Орден иезуитов, опору папства, распустил в 1773 году Климент XIV — ради примирения с Францией и Неаполем и восстановления власти над Авиньоном и Беневенто. Авиньон сейчас в руках французских республиканцев, которые национализировали всё церковное имущество, запретили все монашеские ордены, кроме тех, что занимались благотворительностью и образованием, и велели духовенству принимать гражданскую конституцию, вызвав в Церкви новый раскол. Папа Пий VI эту конституцию осудил, пригрозив анафемой, но слишком поздно и слишком вяло. Фактически он умыл руки, бросил французское духовенство на произвол судьбы, лишив его моральной поддержки, предоставив каждому решать самому: покориться новым властям или сопротивляться им… Он, Станислав Август, сначала призвал всех своих подданных покориться, а потом не мешал им сопротивляться. Они с папой — два сапога пара…

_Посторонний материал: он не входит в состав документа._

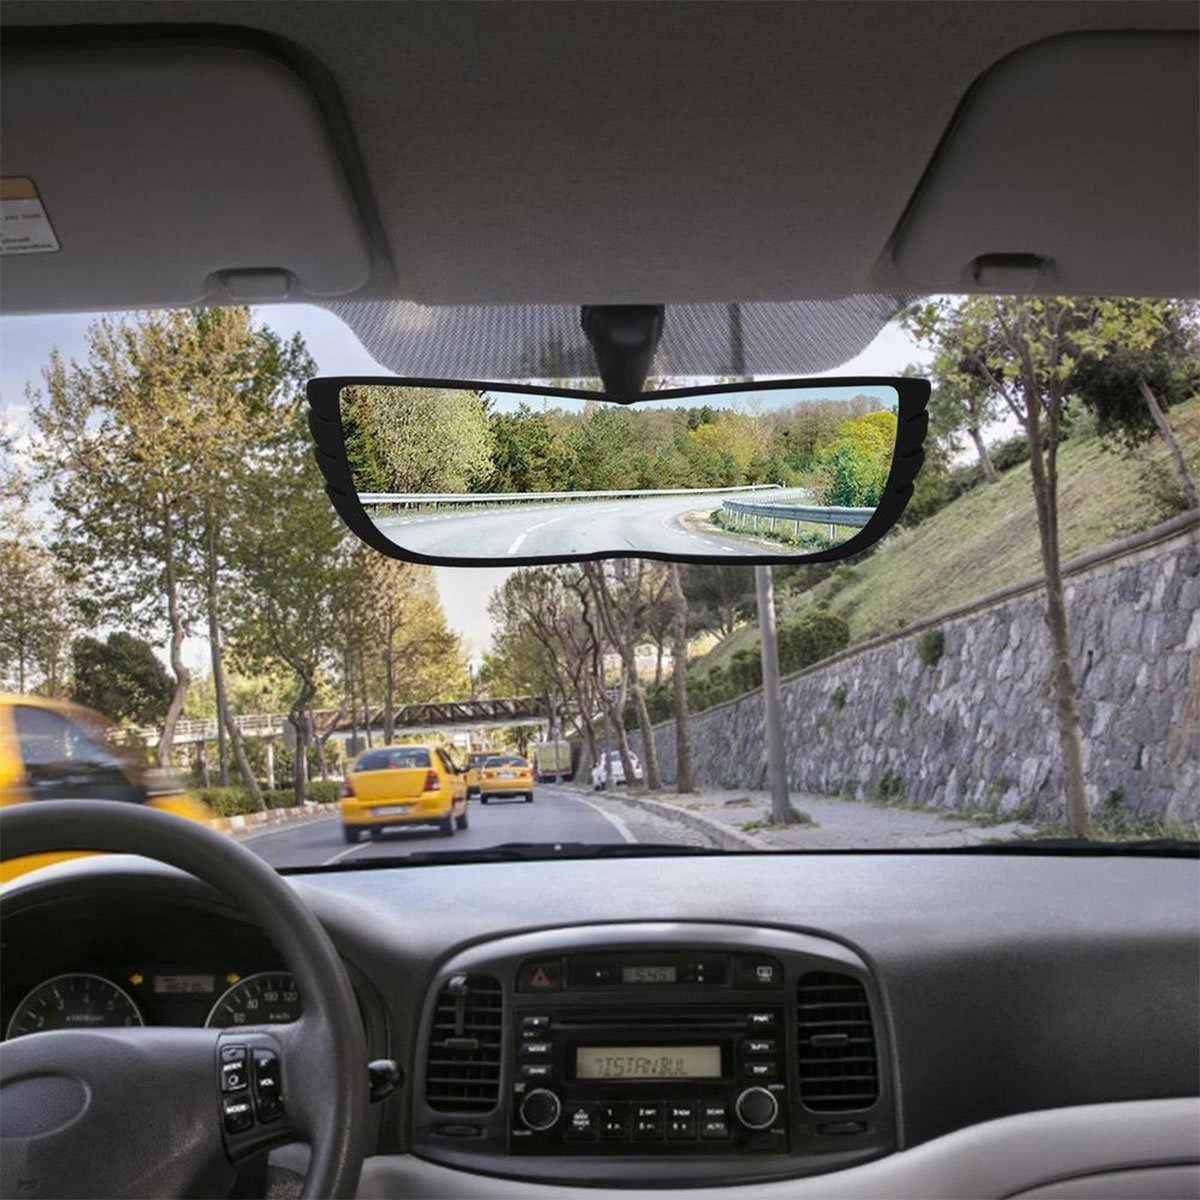 Espelho Retrovisor 160 Graus Visao Ampla Automotivo Carro Caminhao Estrada Visibilidade Segurança Ab - 8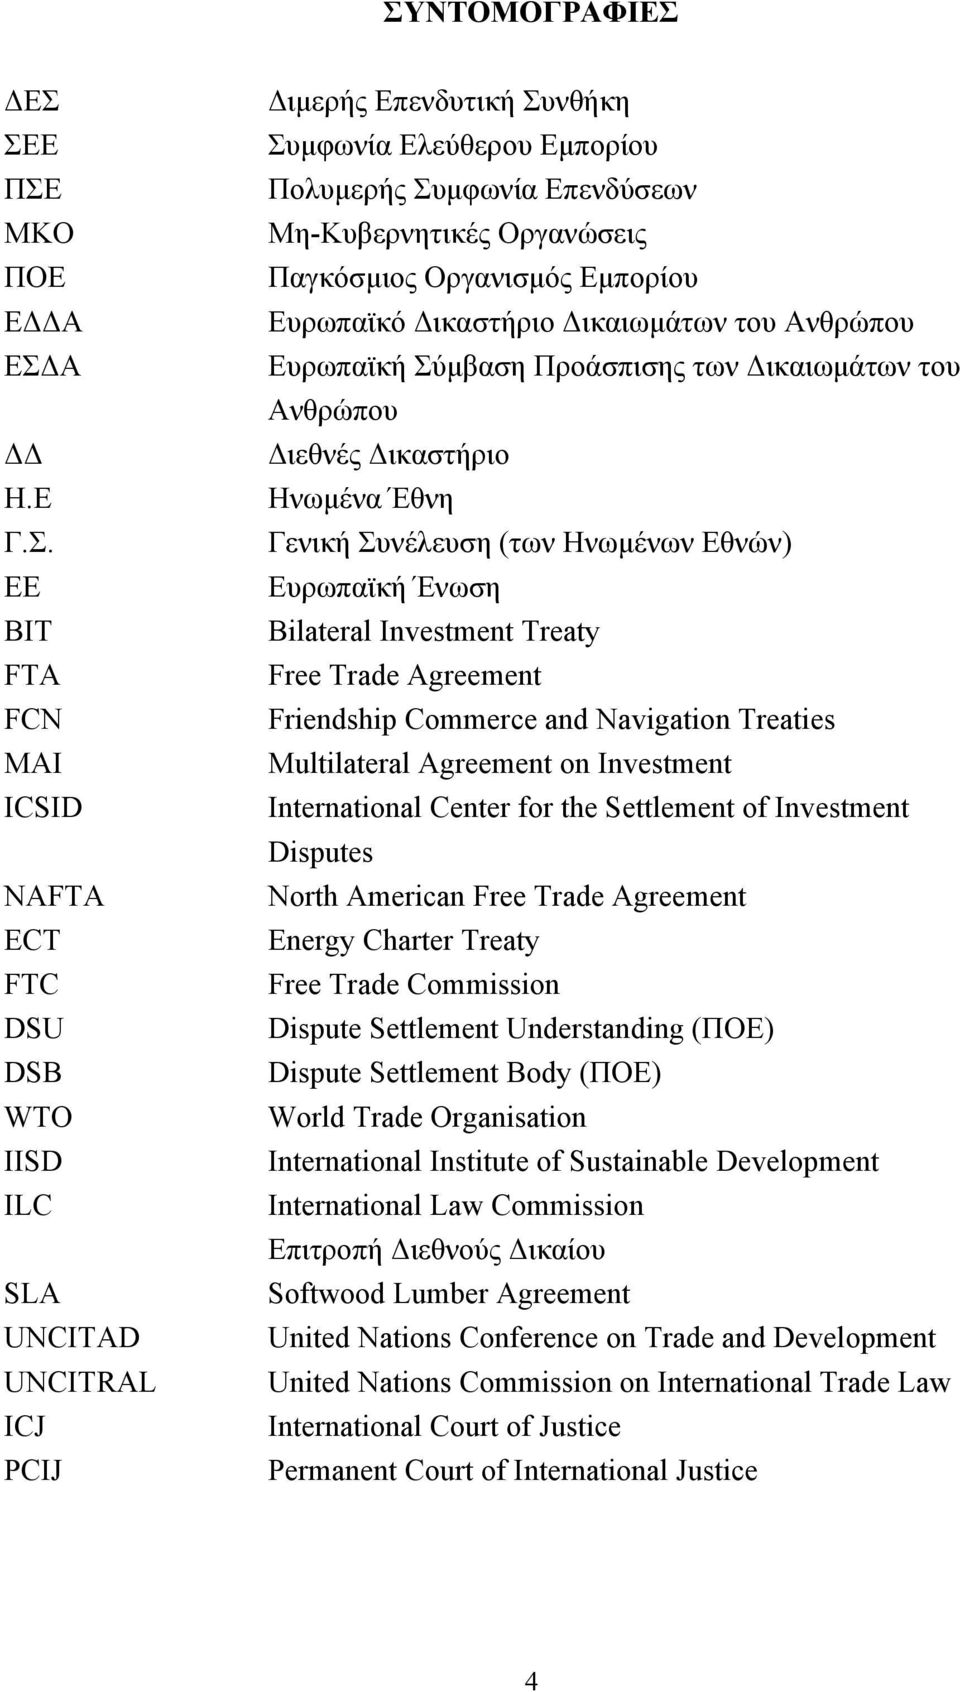 Ανθρώπου Διεθνές Δικαστήριο Ηνωµένα Έθνη Γενική Συνέλευση (των Ηνωµένων Εθνών) Ευρωπαϊκή Ένωση Bilateral Investment Treaty Free Trade Agreement Friendship Commerce and Navigation Treaties

Эльжбета не хочет в Рим, она уговаривает его принять приглашение императора Павла. Урсула тоже хочет в Петербург. Она вместе с матерью (старшей сестрой Понятовского, Людвикой), мужем и тремя детьми с прошлого лета живет у него в Гродно: на жизнь в Варшаве у них не осталось денег. Вишневцы вместе с дворцом заложены и перезаложены, а Урсула не допускает и мысли о том, чтобы потерять это имение, и надеется на милости нового российского императора, чтобы вернуть его себе. Ведь именно в Вишневцах останавливались «граф и графиня Северные», то есть цесаревич Павел с супругой Марией Федоровной и частью своего двора, совершая в 1781 году вояж по Европе. Урсула тогда всего полгода, или около того, как вышла замуж за Михаила Мнишка, разведясь с Винцентом Потоцким. Для этого пришлось запрашивать разрешение Его Святейшества, ведь Мнишек — ее двоюродный брат. Как, впрочем, и Потоцкий… Станислав Август специально приехал в Вишневцы из Варшавы. Бывший дворец Вишневецких Мнишки переделали в «малый Версаль» с точной копией знаменитой зеркальной галереи на первом этаже и садами, спускающимися к реке тремя каскадами. Стены апартаментов были увешаны портретами предков и историческими полотнами; разумеется, Павлу не преминули показать картину, изображающую коронацию Димитрия и Марины Мнишек в Москве… Обед на полторы сотни персон, грандиозный бал… Высокие гости собирались пробыть всего пару дней, а в итоге прогостили целую неделю. Павлу тогда было двадцать семь лет, он грезил о престоле, узурпированном его матерью, и вел откровенные разговоры с Понятовским. А его супруга как-то раз, показывая Урсуле свои бриллианты, надела ей на голову свою диадему, а затем, шутки ради, увенчала ею Мнишка. «Я принимаю это как предзнаменование!» — воскликнул Мнишек под общий смех и тотчас понял, что сморозил глупость… Императрица тоже ласкала Мнишков, понимая, что это еще один крючок, которым она сможет зацепить Понятовского. Она собственноручно возложила на Урсулу орден Святой Екатерины… А на Гродненском сейме граф Михаил Мнишек, маршалок великий коронный, отказался подписывать акт о разделе Речи Посполитой и подал в отставку. Станислав Август остался один на один со своим позором… На должность Мнишка заступил Фредерик Мошинский, которого потом чуть не повесили в Варшаве во время восстания;

Игнацию Закжевскому чудом удалось его спасти. Год спустя все оказались в Гродно; Мошинский вместе с королевским камергером Онуфрием Кикой должны были противостоять интригам Мнишков, образовавших русскую партию… Смешно.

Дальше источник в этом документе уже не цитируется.